Cuando alcanzamos a la Hojalatera, le toqué el hombro, como una estúpida, para hacerle saber que habíamos llegado hasta ella. El revés crepitante que me lanzó casi me arranca la cabeza. Sin pensar, le pegué una bofetada. Para que volviera en sí, para calmarla o porque yo misma estaba al límite.  Miró hacia mí, sin verme, con los ojos inyectados en sangre, de la tensión o del polvo de cadáver que flotaba alrededor. Por fin, enfocó su mirada en mí y hubo un destello de reconocimiento. "Nota mental: no volver a sorprender a nadie en mitad de un pelea", me dije.

No hubo disculpas. No había tiempo, ni me apetecía ser la primera en hacerlo. Supongo que ella tampoco. Teníamos asuntos más urgentes entre manos, y nos aplicamos a conciencia.

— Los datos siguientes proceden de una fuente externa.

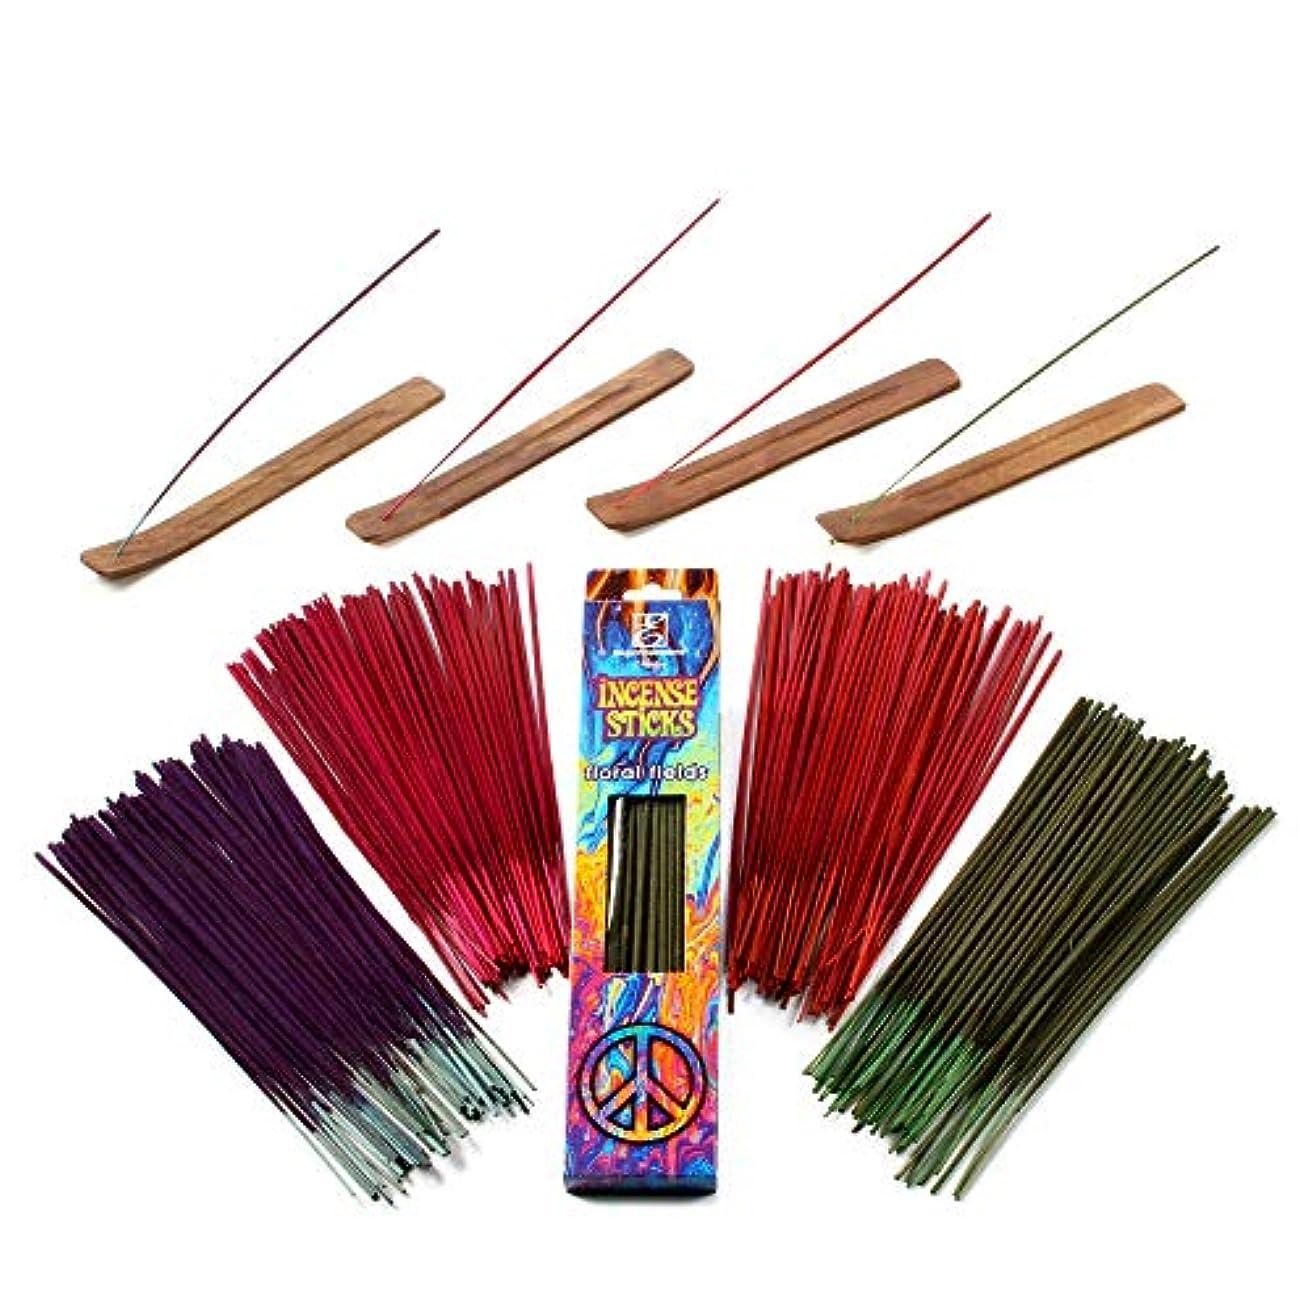 たぶん本気収束するHosley 260パックAssorted Incense Sticksブラックチェリー、花柄フィールド、Mystical Trails、& Strawberry with 4ホルダー理想の結婚式、Spa ,レイキ、アロマセラピー...
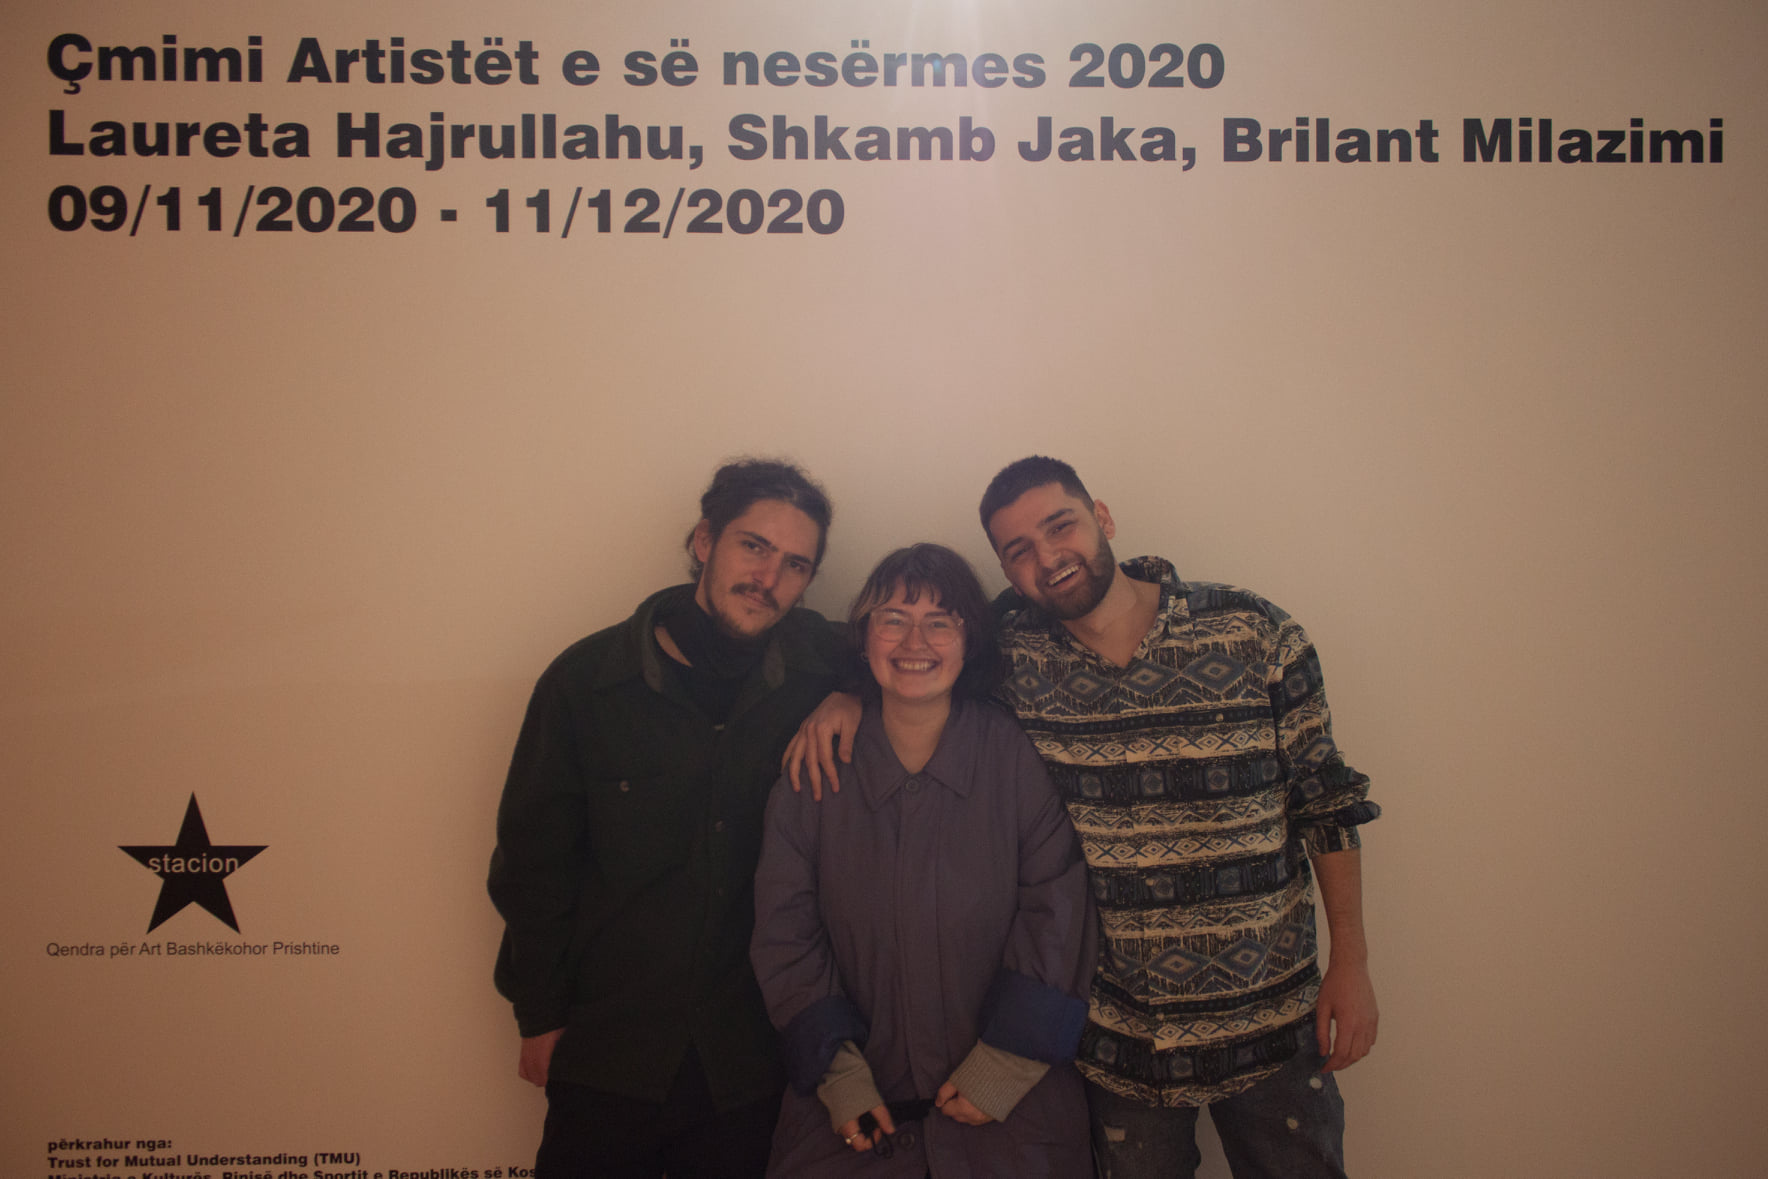 Artistët e së nesërmes 2020

Lo que había sido un asedio tenso se convirtió en una masacre. Si es que el término puede asociarse a cosas muertas. Lorca parecía más que nunca un león llameante. El fuego se extendía por su cara, brotando de sus ojos como lágrimas. Hasta su cabello dejando una estela ardiente a su paso. Sus manos y pies ardientes eran mucho más eficaces contra aquellas cosas podridas; se adentraba entre ellos más deprisa que yo, mientras destruía el doble de enemigos. Cuando gritaba -ya no rugía como un animal, sino que aullaba apasionadamente en algún idioma desconocido- veía ese mismo fuego refulgiendo dentro de él, como si fuera a lanzar llamaradas por la boca.

No debieron pasar más de cinco minutos entre la llegada de Lorca y el final del combate. Rodeados de cuerpos inmóviles reducidos a pedazos y cenizas, la Hojalatera y yo nos dedicábamos a recobrar el aliento. Solo nosotras. Lorca estaba relajado, con esa calma suya de siempre. No, no era cierto. Cuanto más le miraba, más diferente le notaba. ¿Qué le habían hecho los Hijos? Ya no era aquella paz controlada de antes. Aquella que me cabreaba porque parecía que le divertía saber algo que yo no.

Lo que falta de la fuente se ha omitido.